• [WORK INSTRUCTIONS]:
Within the records below, find the line with "Dark - image 1 - student project" and the line with "Billie Eilish Green Hair Wallpapers", then reproduce exactly those two lines and all lines between them, without any picture.

• [DATA TO USE]:

=====

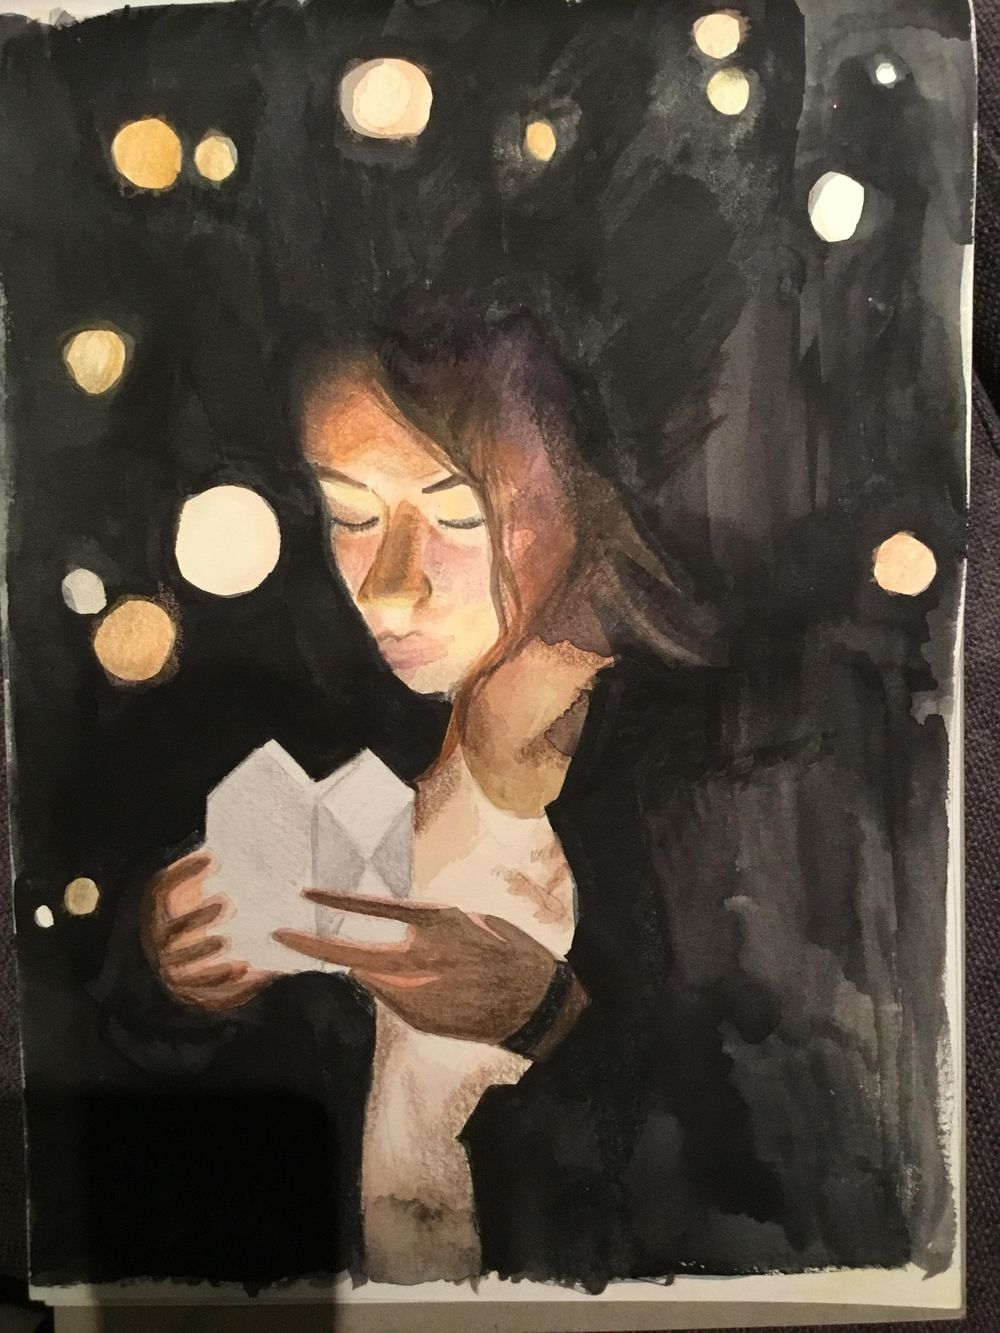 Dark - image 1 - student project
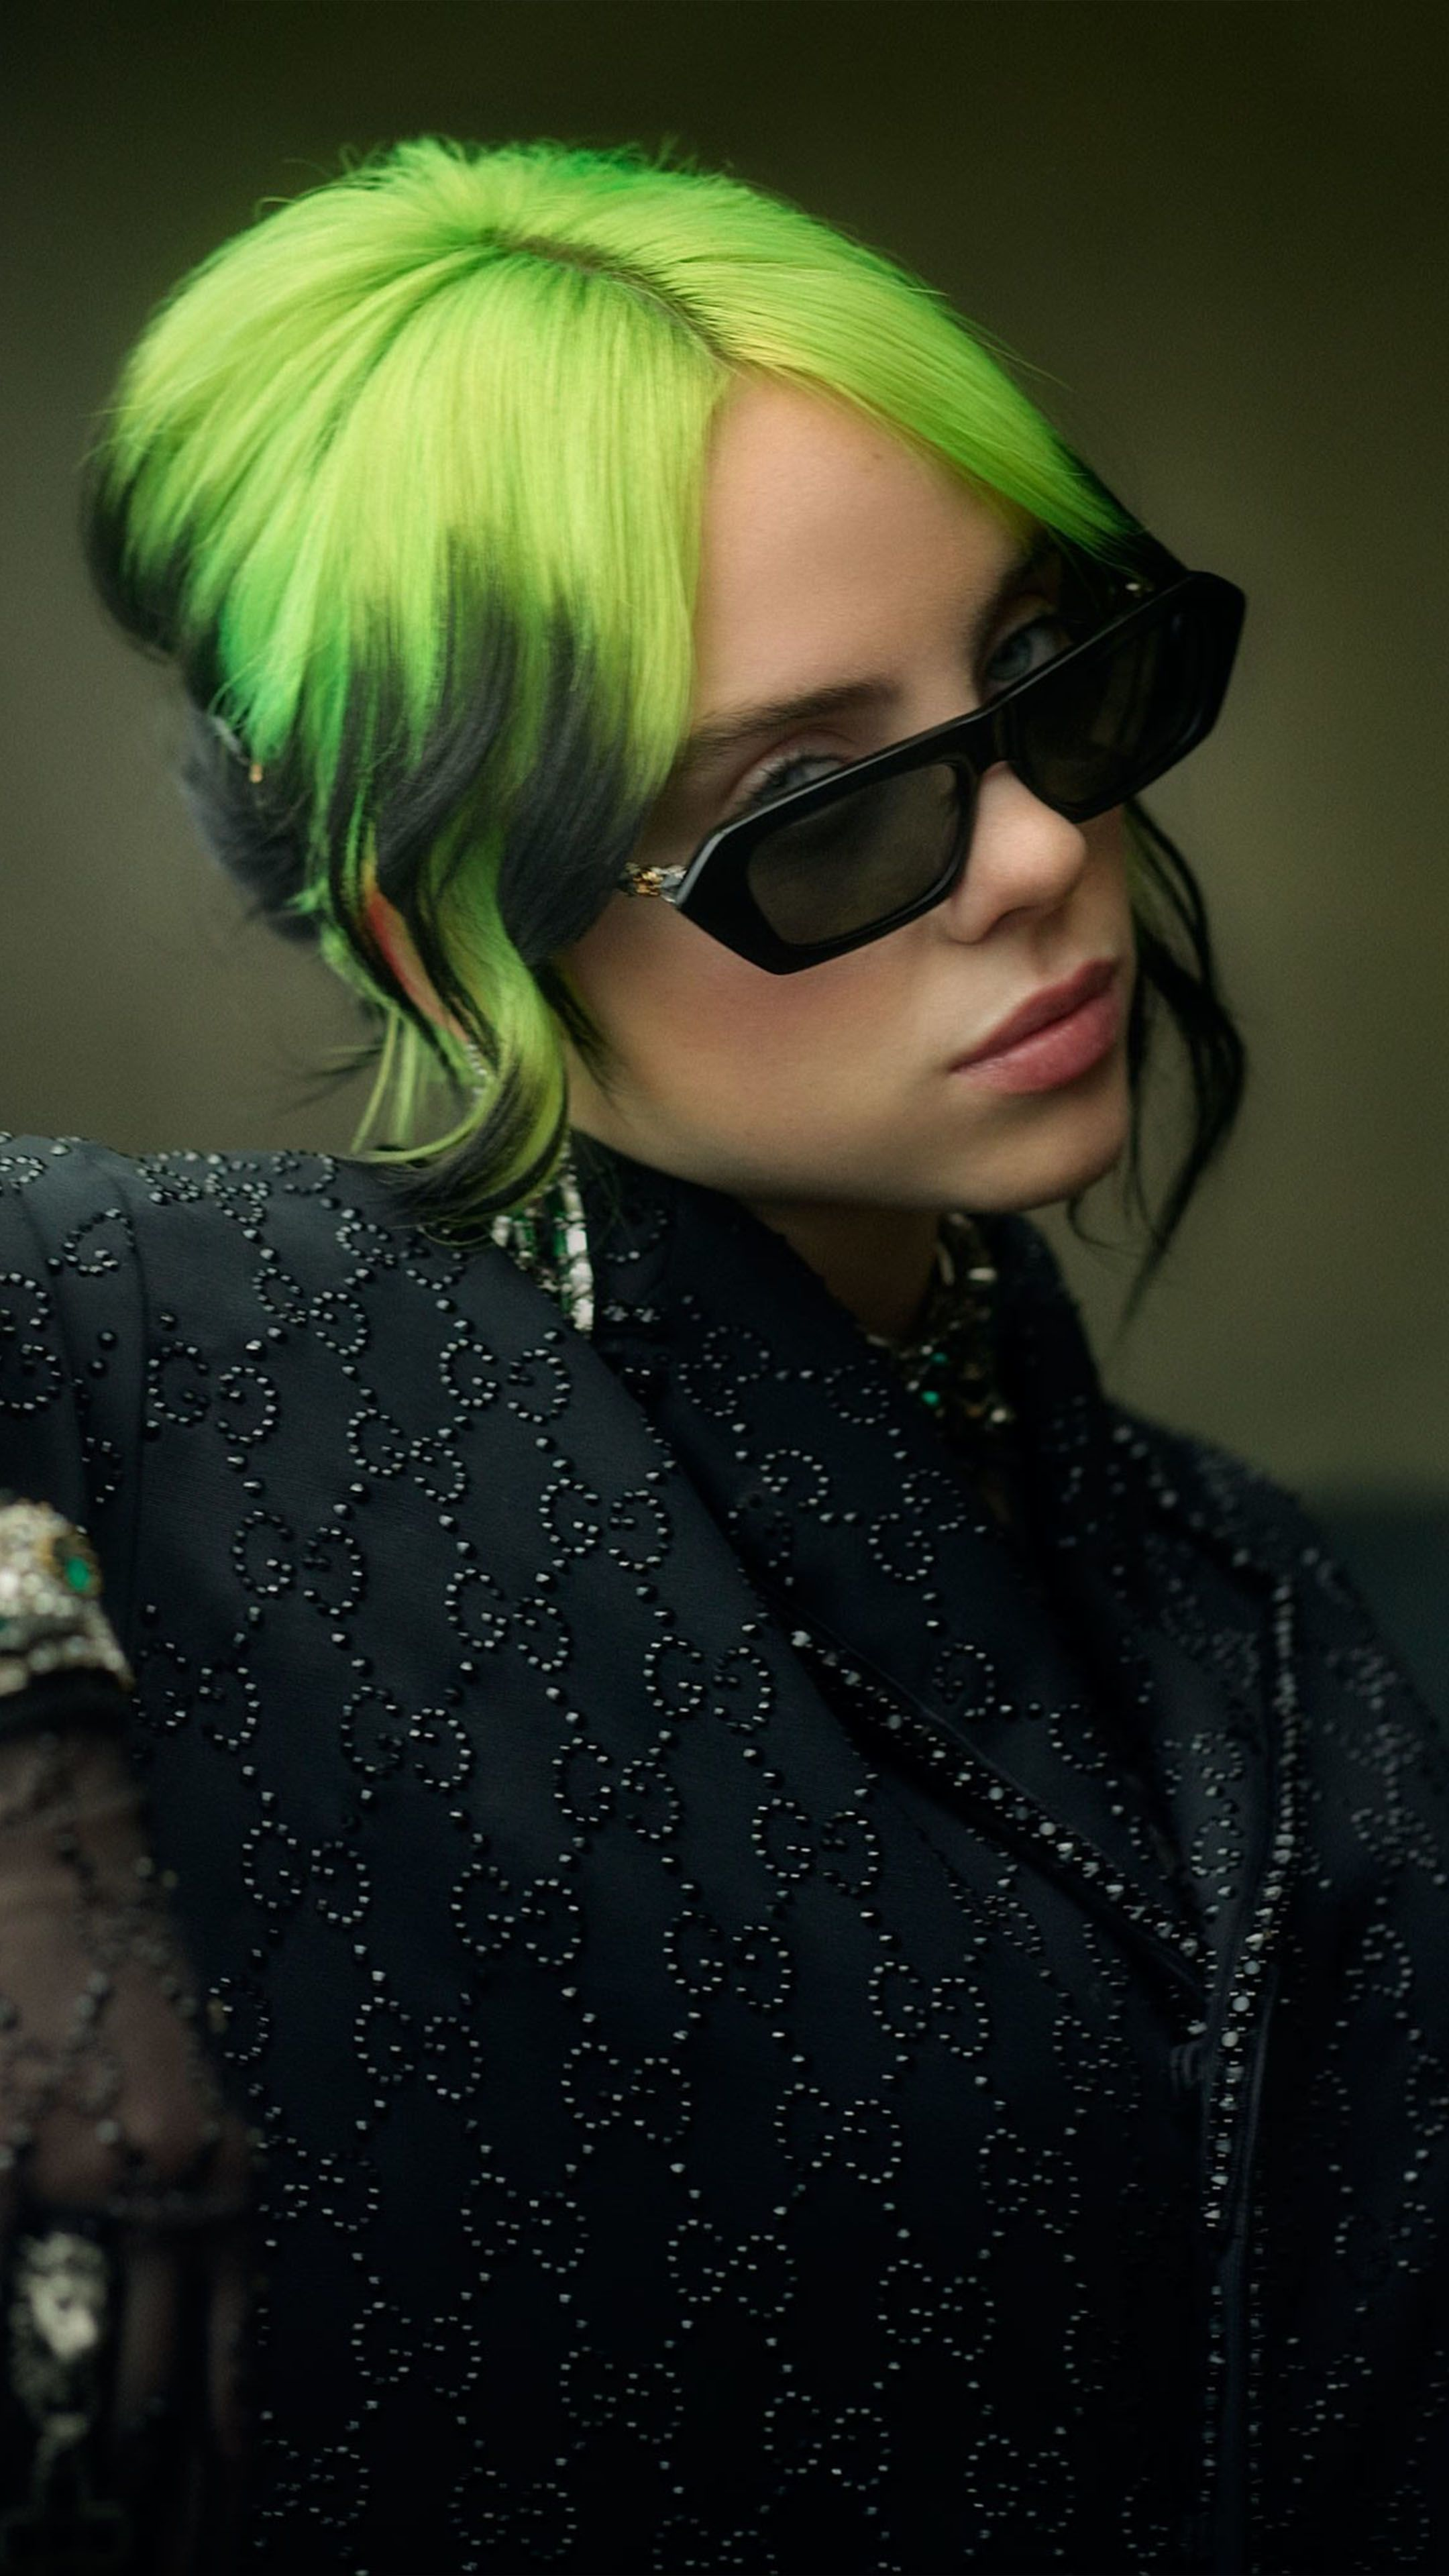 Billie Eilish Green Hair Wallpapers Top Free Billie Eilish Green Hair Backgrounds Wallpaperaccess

=====

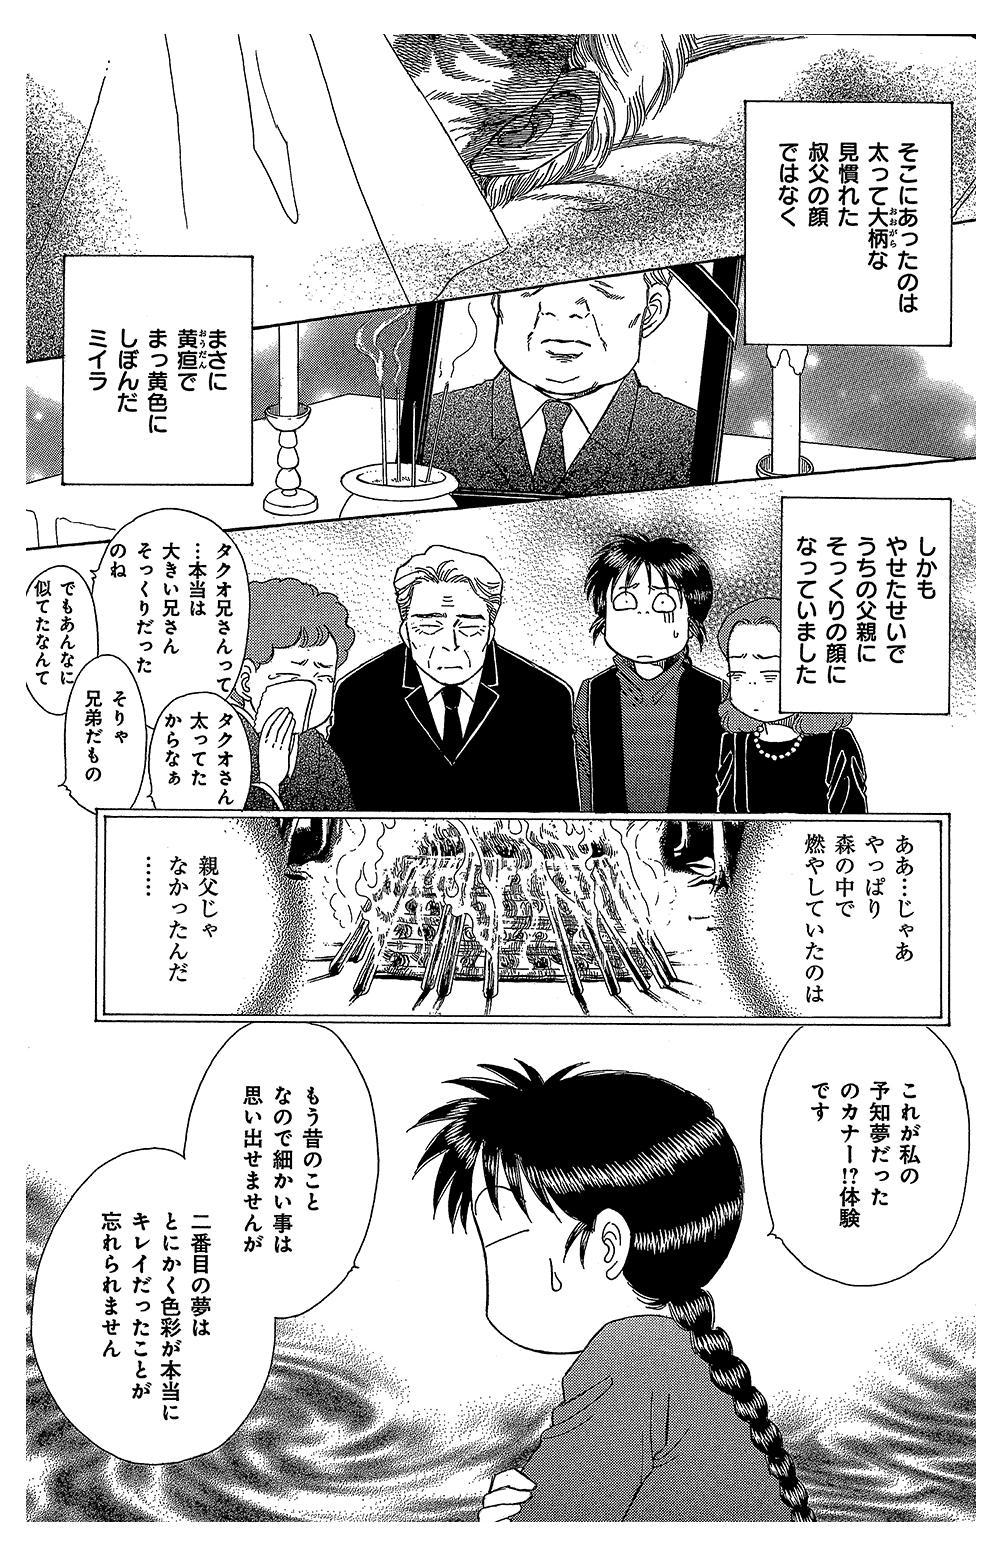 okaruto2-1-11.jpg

=====

• [FINISHED EXERCISE]:
 Dark - image 1 - student project
 Billie Eilish Green Hair Wallpapers Top Free Billie Eilish Green Hair Backgrounds Wallpaperaccess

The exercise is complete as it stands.